■ Data listing ■
◆ ◆ ◆ ◆
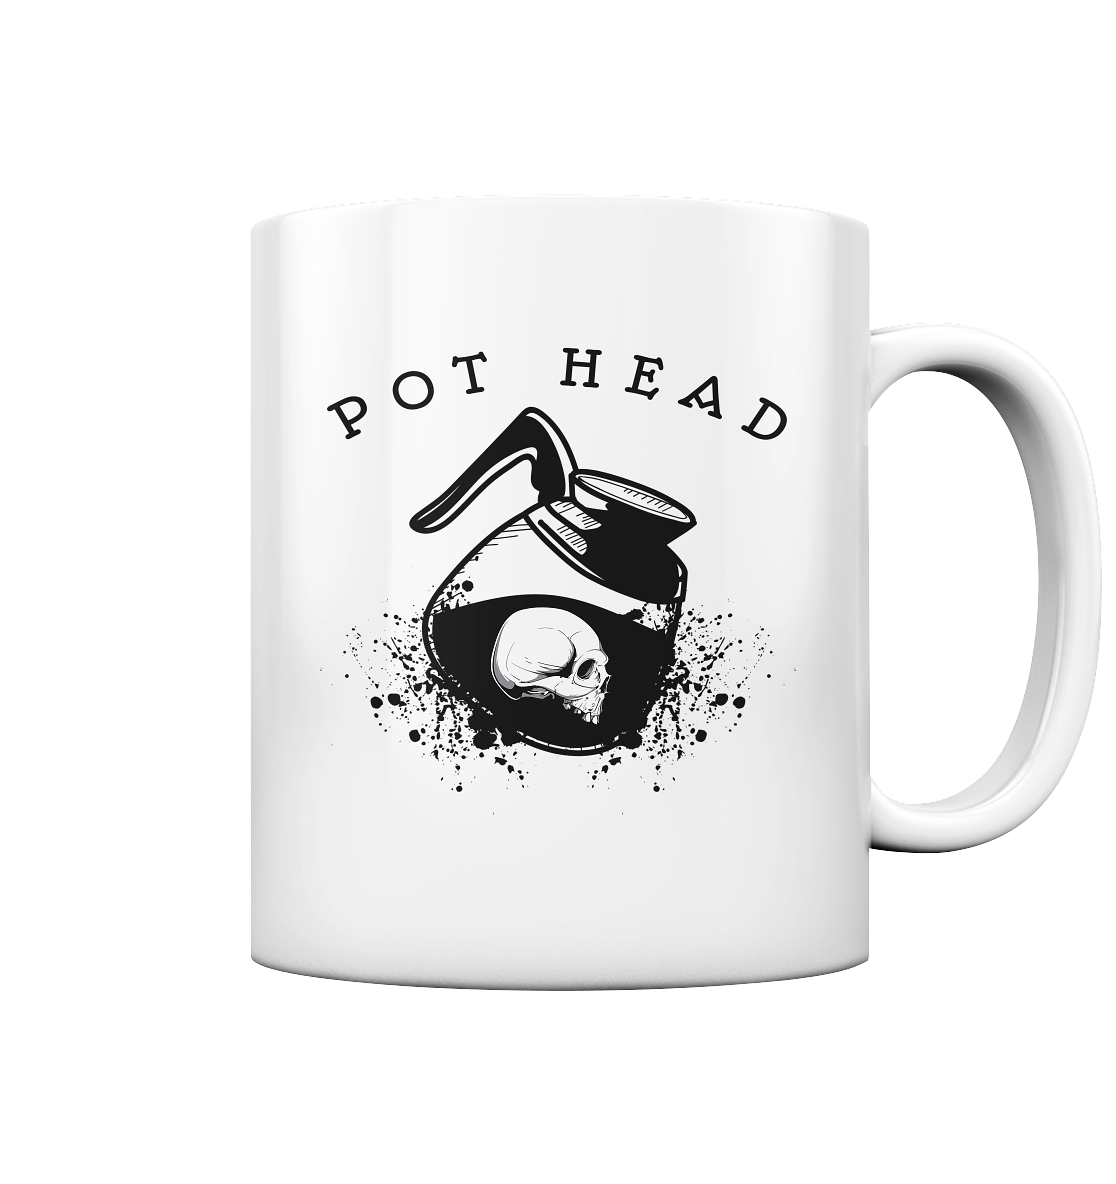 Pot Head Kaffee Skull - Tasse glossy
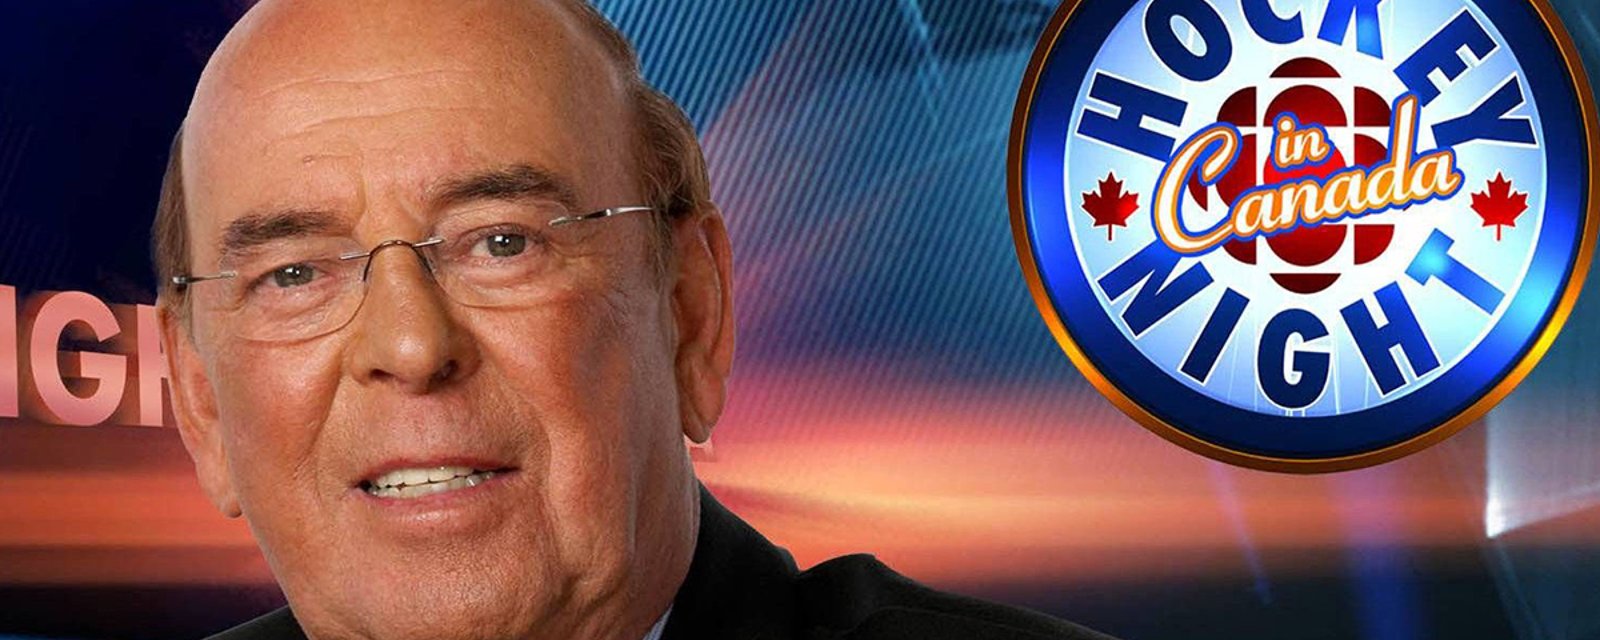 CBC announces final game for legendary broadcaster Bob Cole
◆ ◆ ◆ ◆
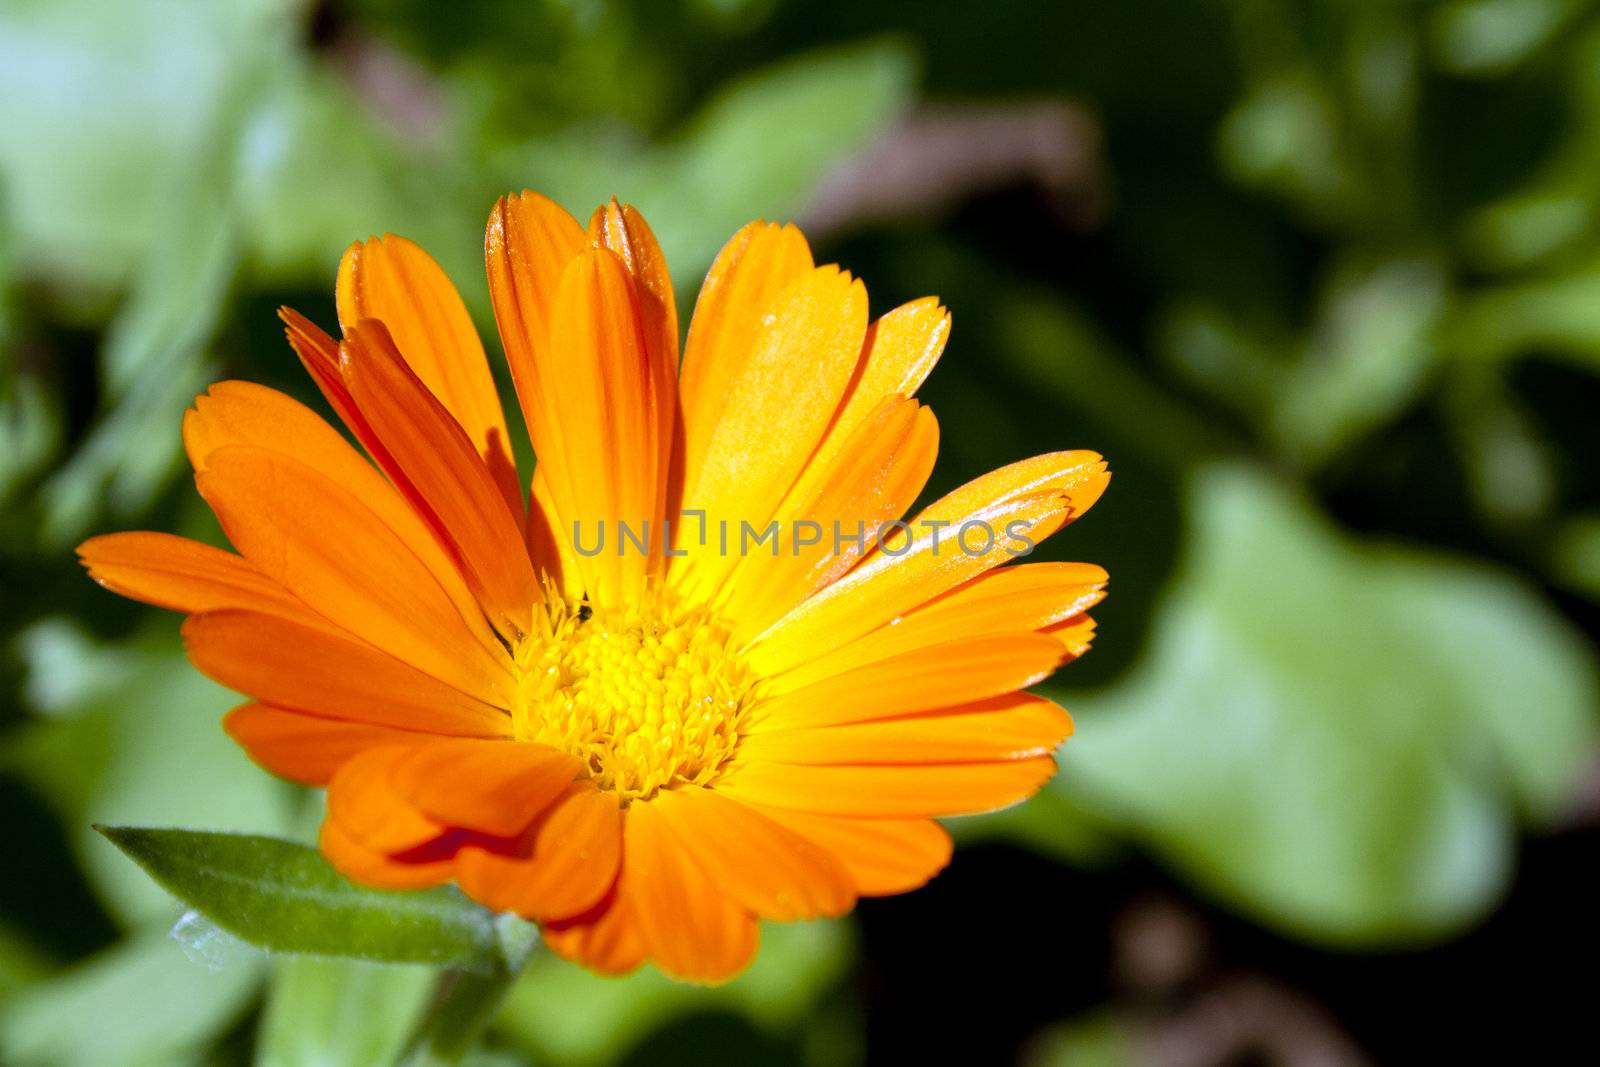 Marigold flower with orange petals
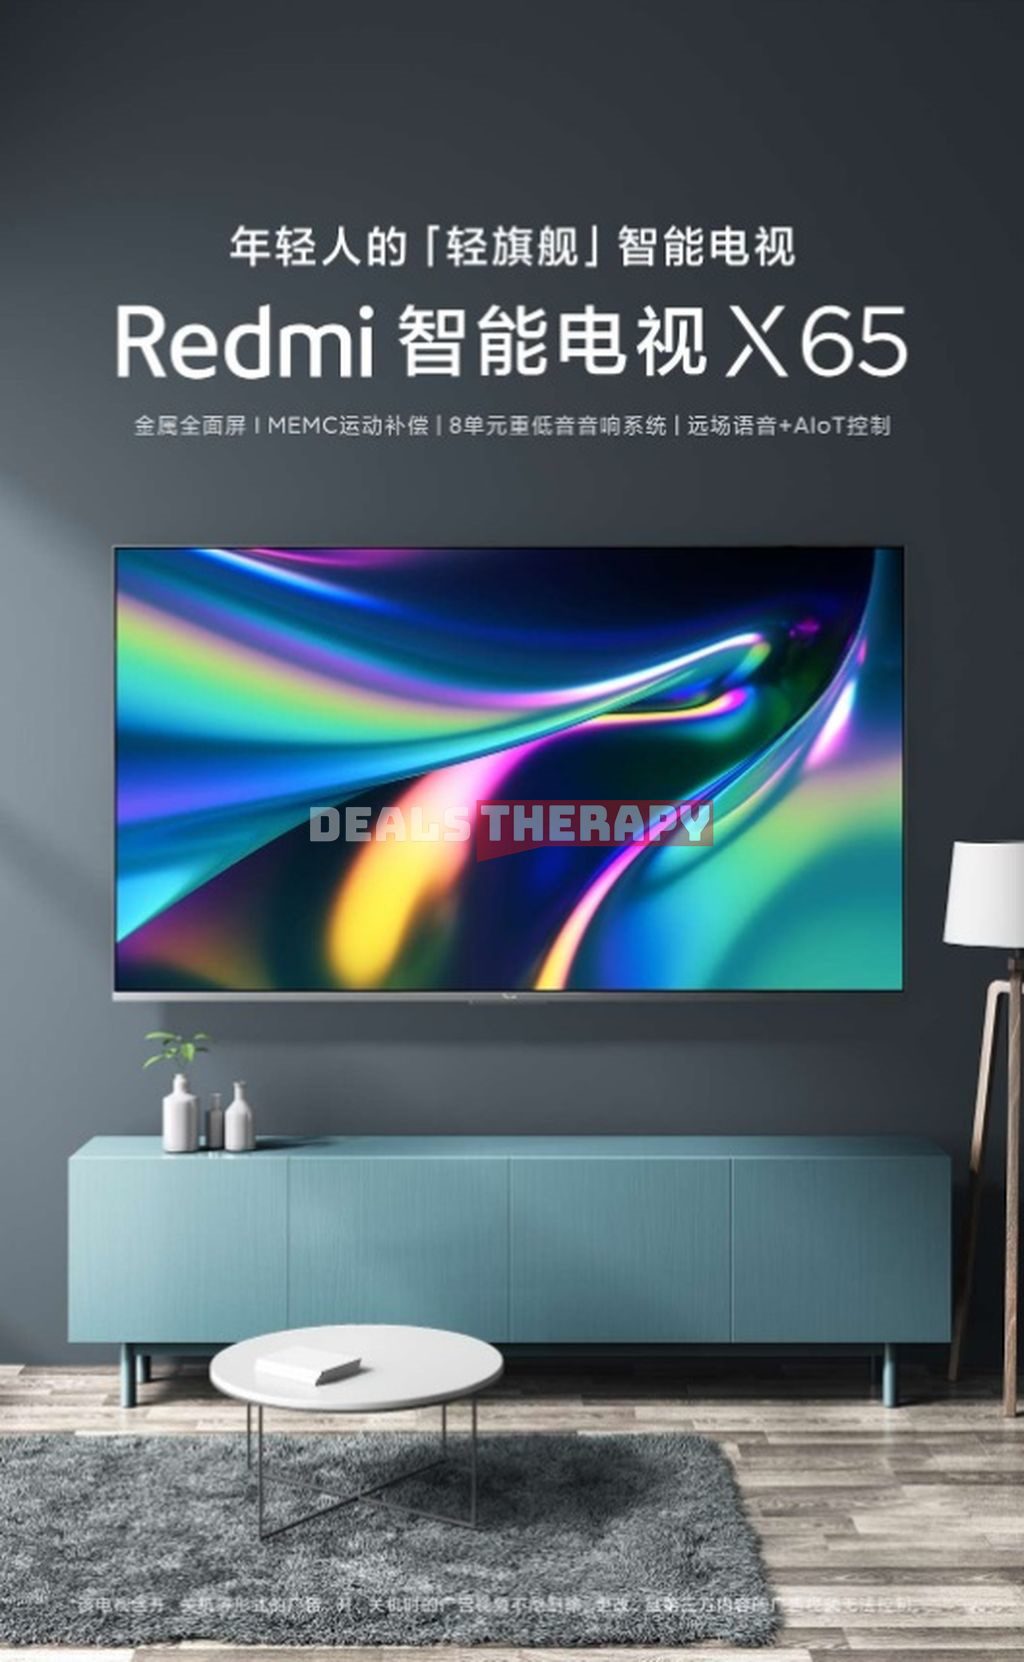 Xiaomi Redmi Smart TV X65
◆ ◆ ◆ ◆
■ What to produce ■
Output exactly the lines above that lie between the line with "Marigold flower with orange petals" and the line with "Xiaomi Redmi Smart TV X65", those two lines included, and no pictures.

■ Solution to this task ■
 Marigold flower with orange petals
 Xiaomi Redmi Smart TV X65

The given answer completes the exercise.